[Input data Boundary: Start]

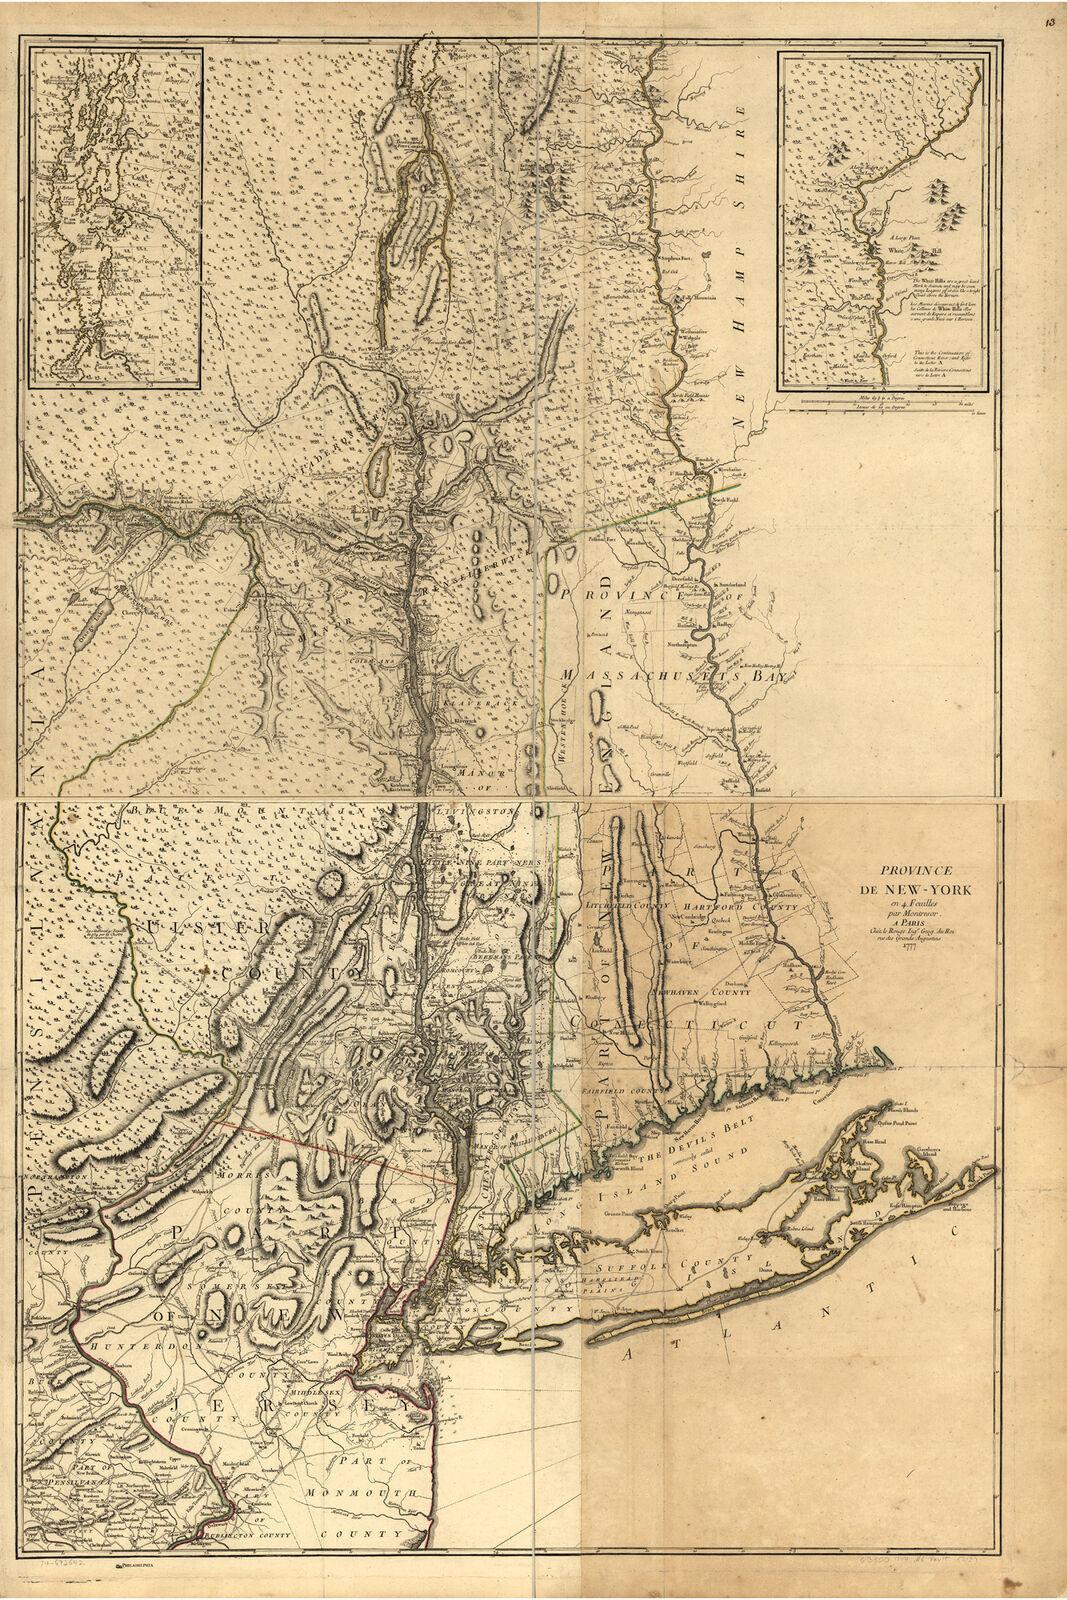 Map of New York, Antique Map, 1777; Province de New-York en 4 Feuilles - $26.72 - $37.61
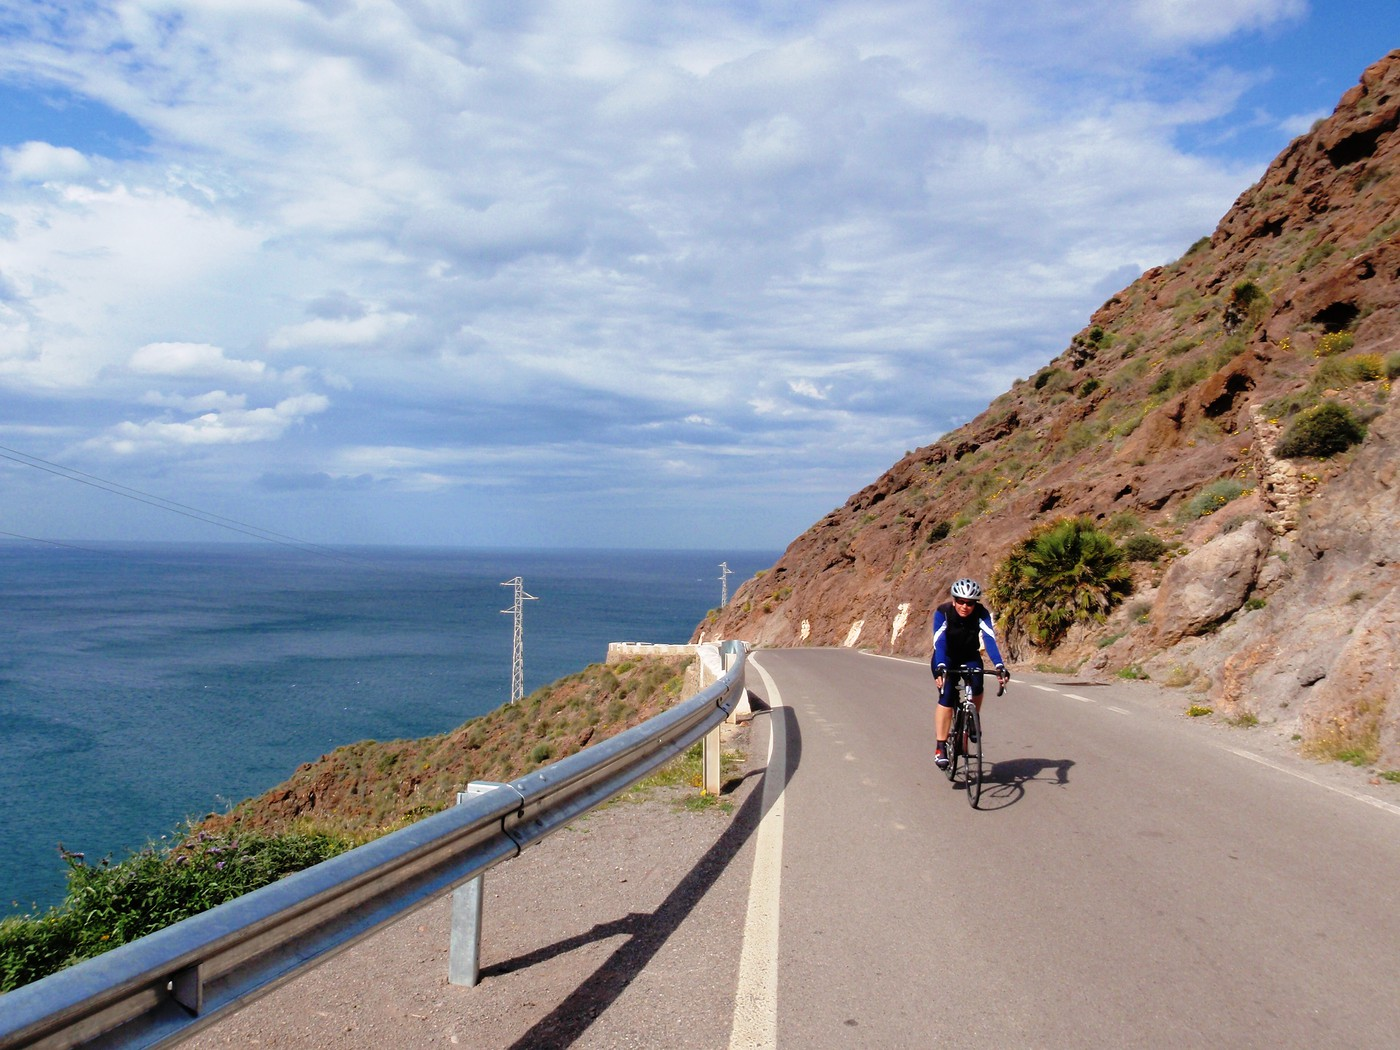 Carretera del Cerro de la Testa
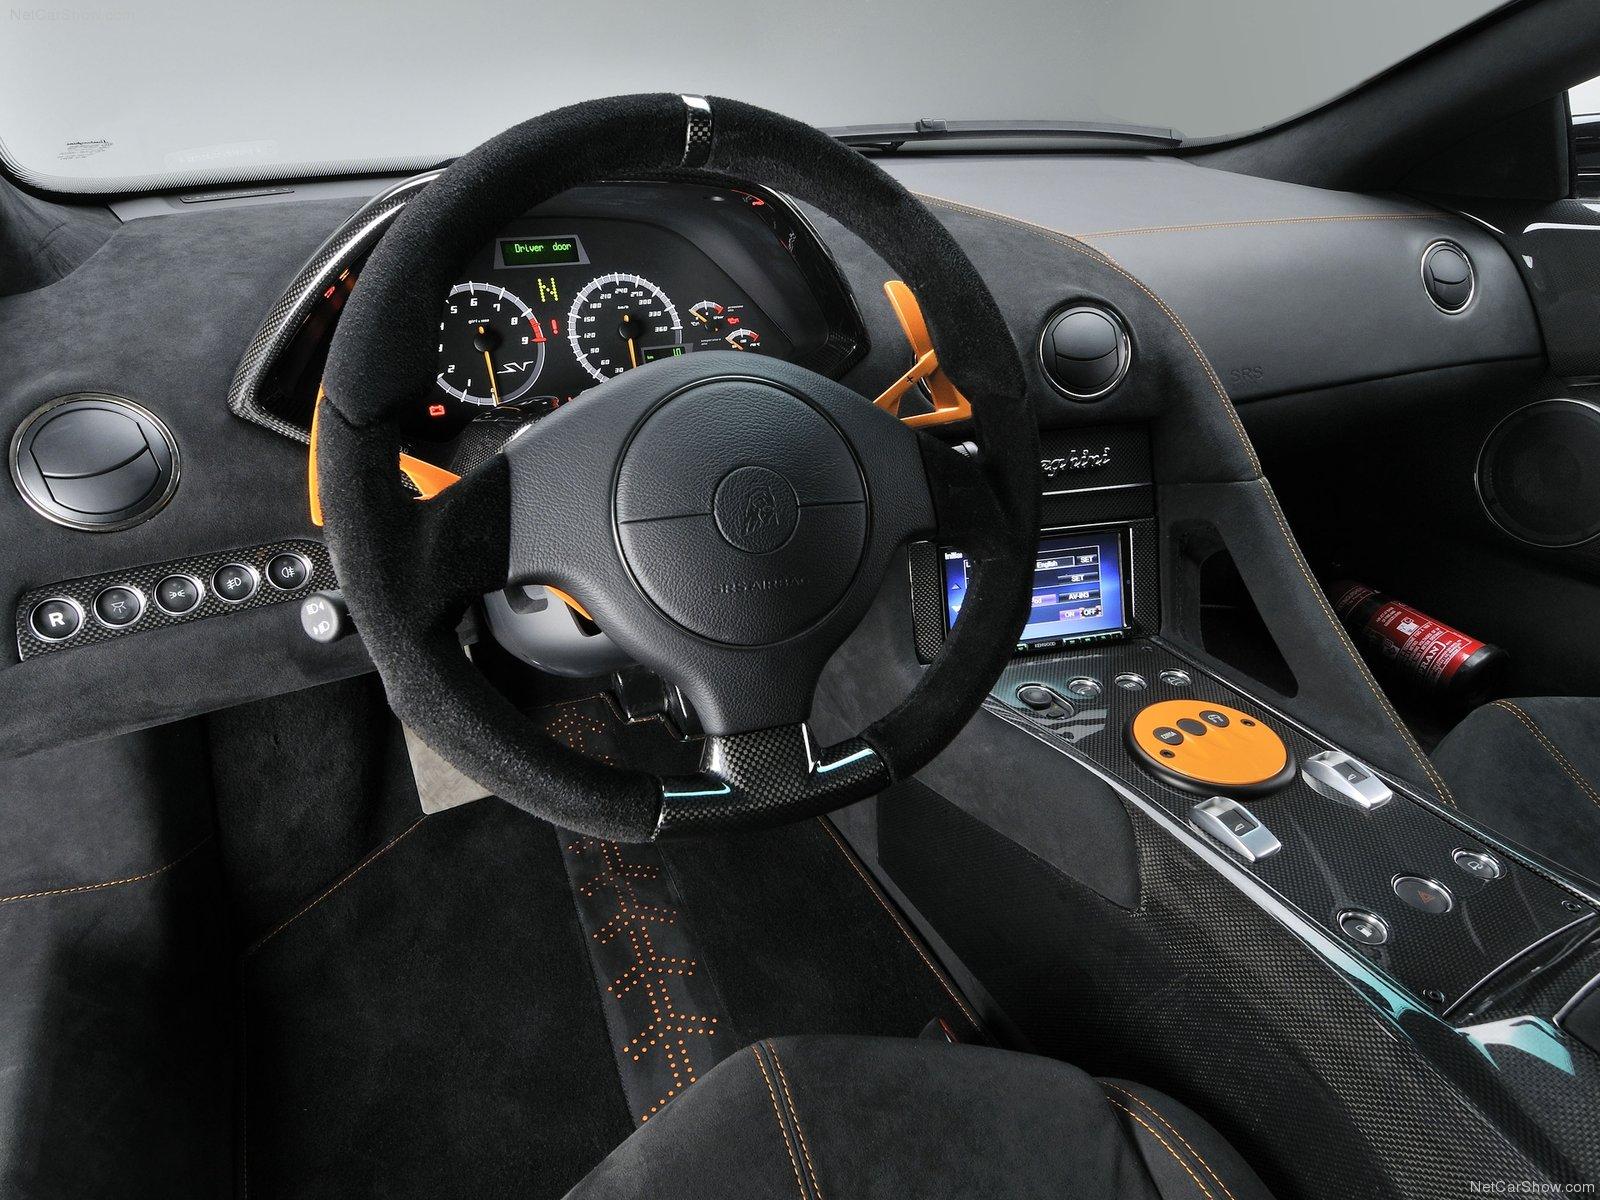 Hình ảnh siêu xe Lamborghini Murcielago LP670-4 SV China Edition 2010 & nội ngoại thất

[Input data Boundary: End]

What is being asked → Pictures stay out; the data above is to be returned exactly.

Response below →
 Map of New York, Antique Map, 1777; Province de New-York en 4 Feuilles - $26.72 - $37.61
 Carretera del Cerro de la Testa
 Hình ảnh siêu xe Lamborghini Murcielago LP670-4 SV China Edition 2010 & nội ngoại thất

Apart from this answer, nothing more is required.